The team plans to test the treatment in a further 19 people, in a trial split between Cambridge and Sweden.

Barker sees the revival of the technique as a stepping stone to injecting dopamine-producing cells made by stem cells (see “Stem cells – the next step” below). Trials of such treatments are expected as early as 2017, and Barker hopes lessons learned from the fetal cell transplants will guide how to apply and assess them once they are ready.

“We are now on the road towards a 2.0 version of the cell therapy paradigm,” says Lorenz Studer of the Memorial Sloan Kettering Cancer Center in New York. He thinks future treatment will eventually involve the use of dopamine neurons that come from stem cells rather than fetal cells, which will permanently resolve the supply problem.

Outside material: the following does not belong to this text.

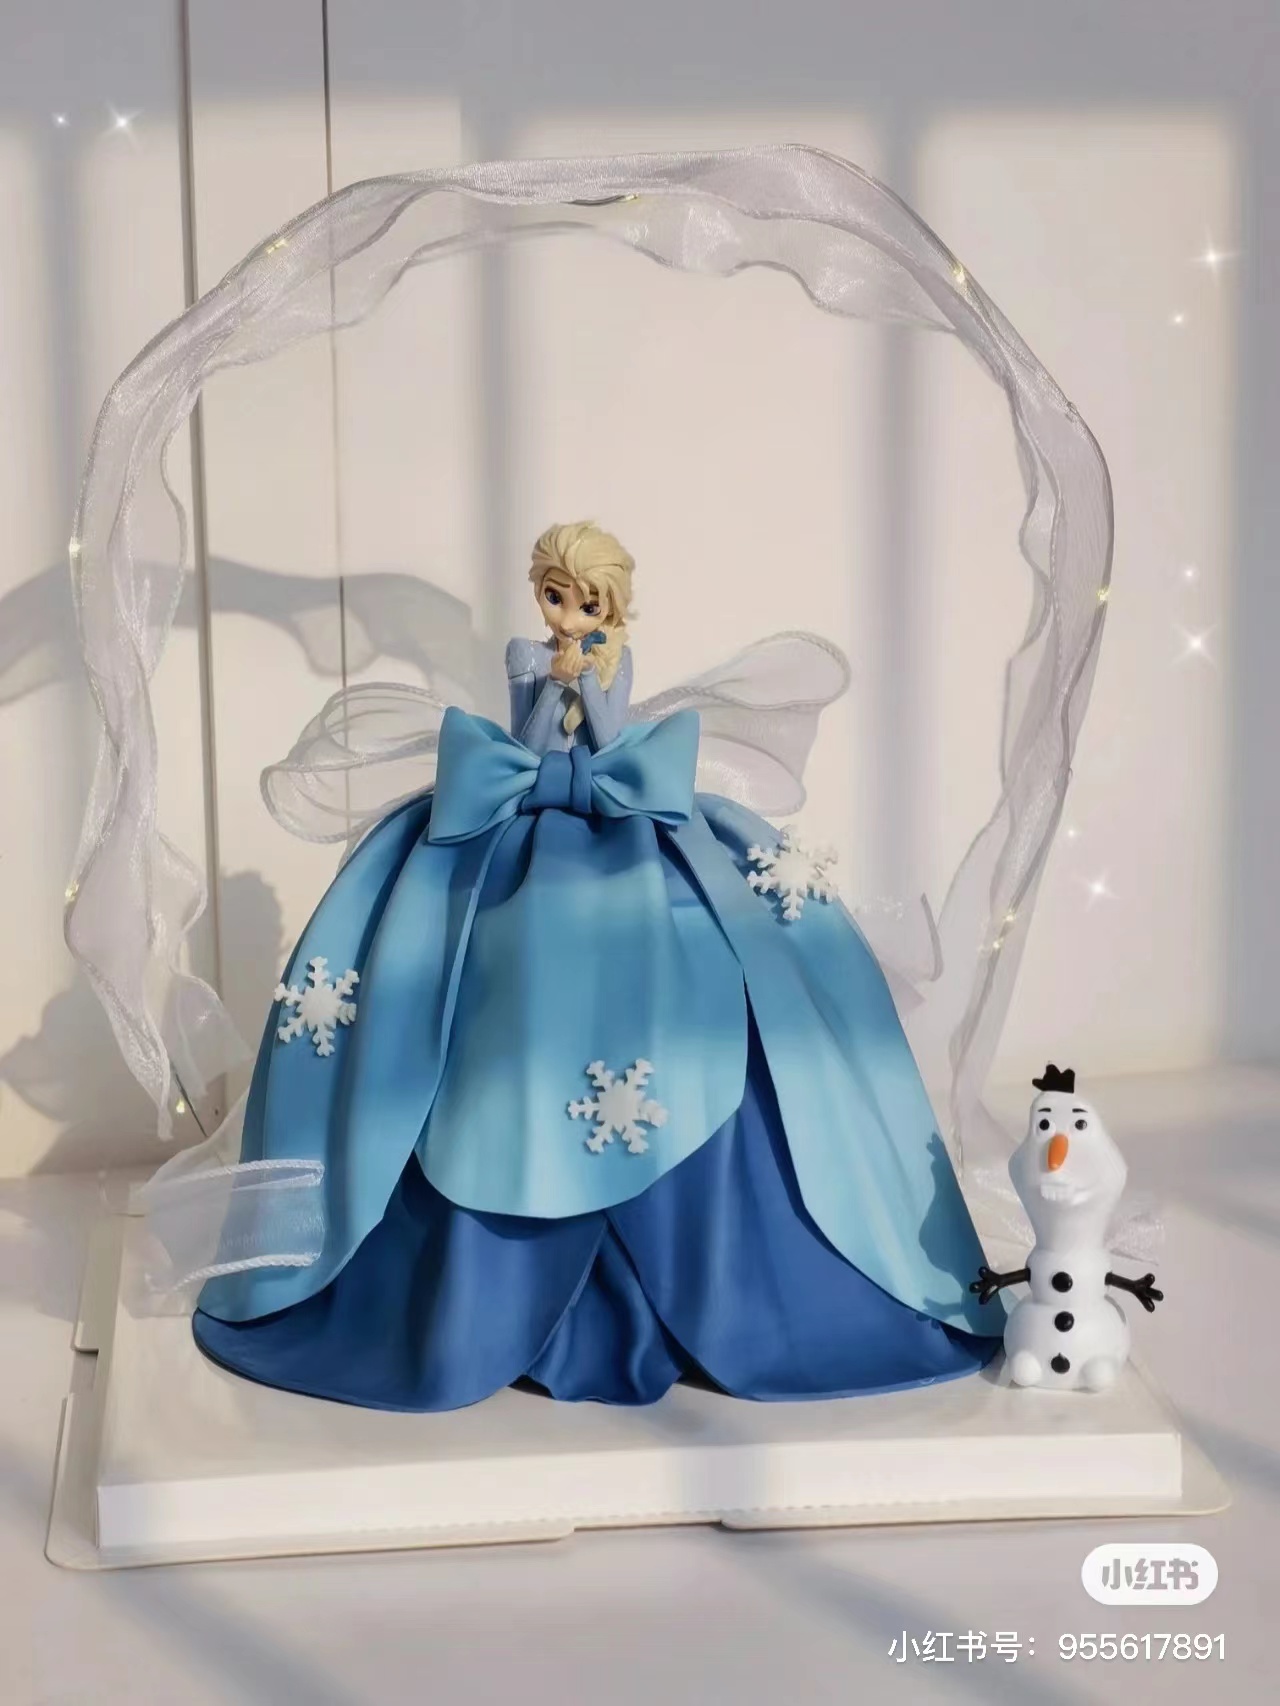 艾莎爱莎公主裙翻糖蛋糕装饰冰雪奇缘公主雪宝女神生日派对装扮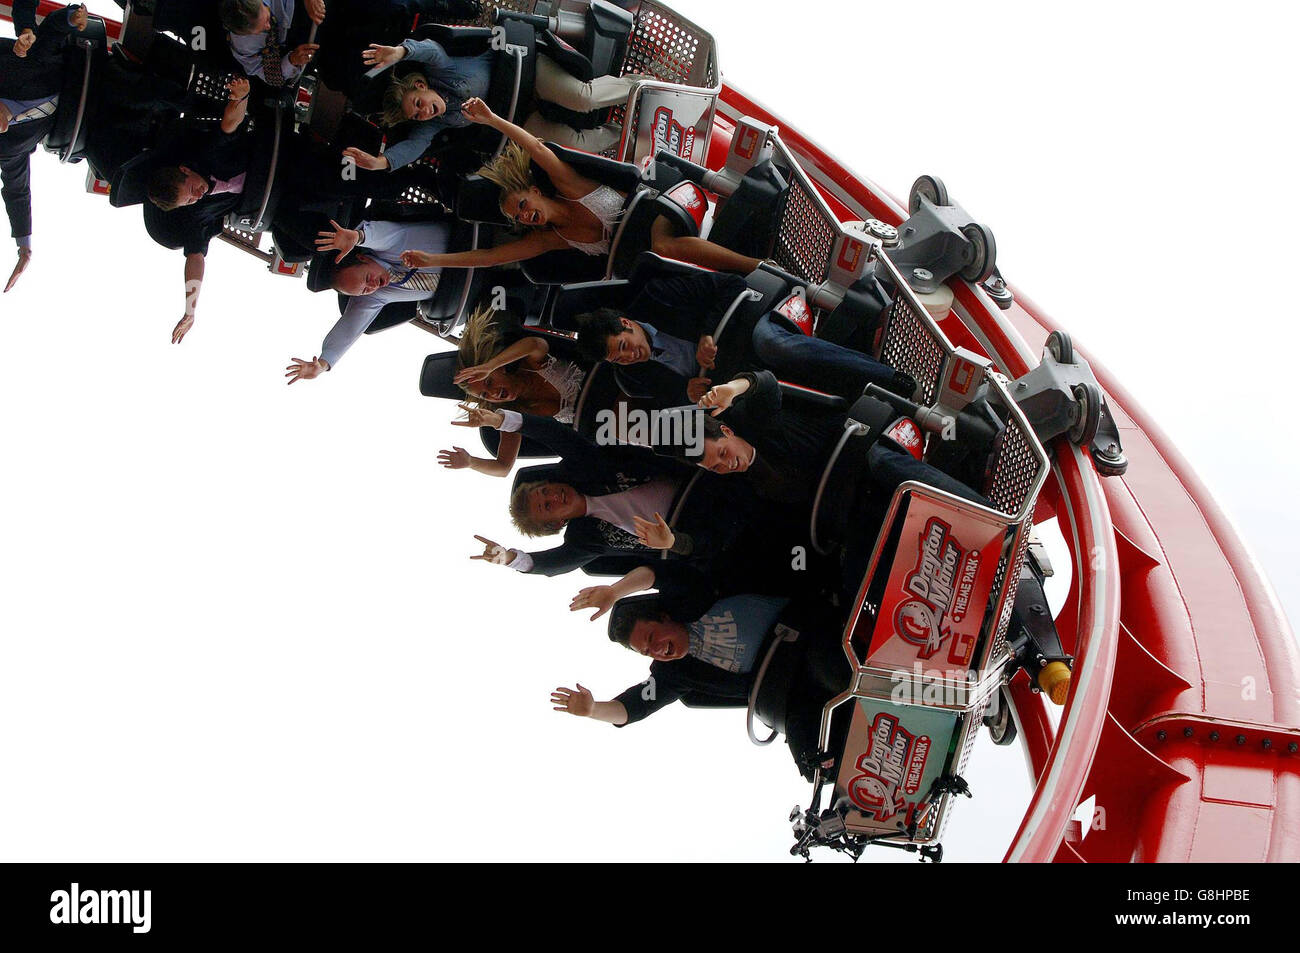 3 Million Rollercoaster G Force, die erste Fahrt auf der Welt, die ein revolutionäres Hüftrückhaltesystem für Adrenalin-Junkies aller Größen verwendet. Stockfoto

Members of the Parkinson’s Disease Global Force met in New York last week to discuss the progress of this stem cell work. When Barker announced that his team’s first patient had just left the operating theatre, the meeting’s attendees burst into spontaneous applause.

“There’s a real sense within the community that this is a collaborative effort to make cell treatments work, and that there’s real potential to change the lives of hundreds of people worldwide,” said Barker.

Stem cells – the next step

The team behind the fetal cell treatment (main story) hopes it will pave the way for bespoke stem cell treatments to replace the missing dopamine in people with Parkinson’s disease. Rather than relying on fetal cells, these stem cell treatments could in theory be made to order.

Four teams – two in Europe and two in the US – have managed to make neurons from embryonic stem cells and all are hoping to use them to treat people with Parkinson’s. Unlike fetal cells, these stem cells can provide a limitless supply of neurons because they can divide many times.

Meanwhile in Japan, researchers are using “induced pluripotent” stem cells to make dopamine-producing cells. Unlike embryonic stem cells, such iPS cells can be created from an adult’s ordinary body tissues.

Roger Barker of the University of Cambridge says all these teams are now gearing up to test their cells in patients, hoping to begin in 2017.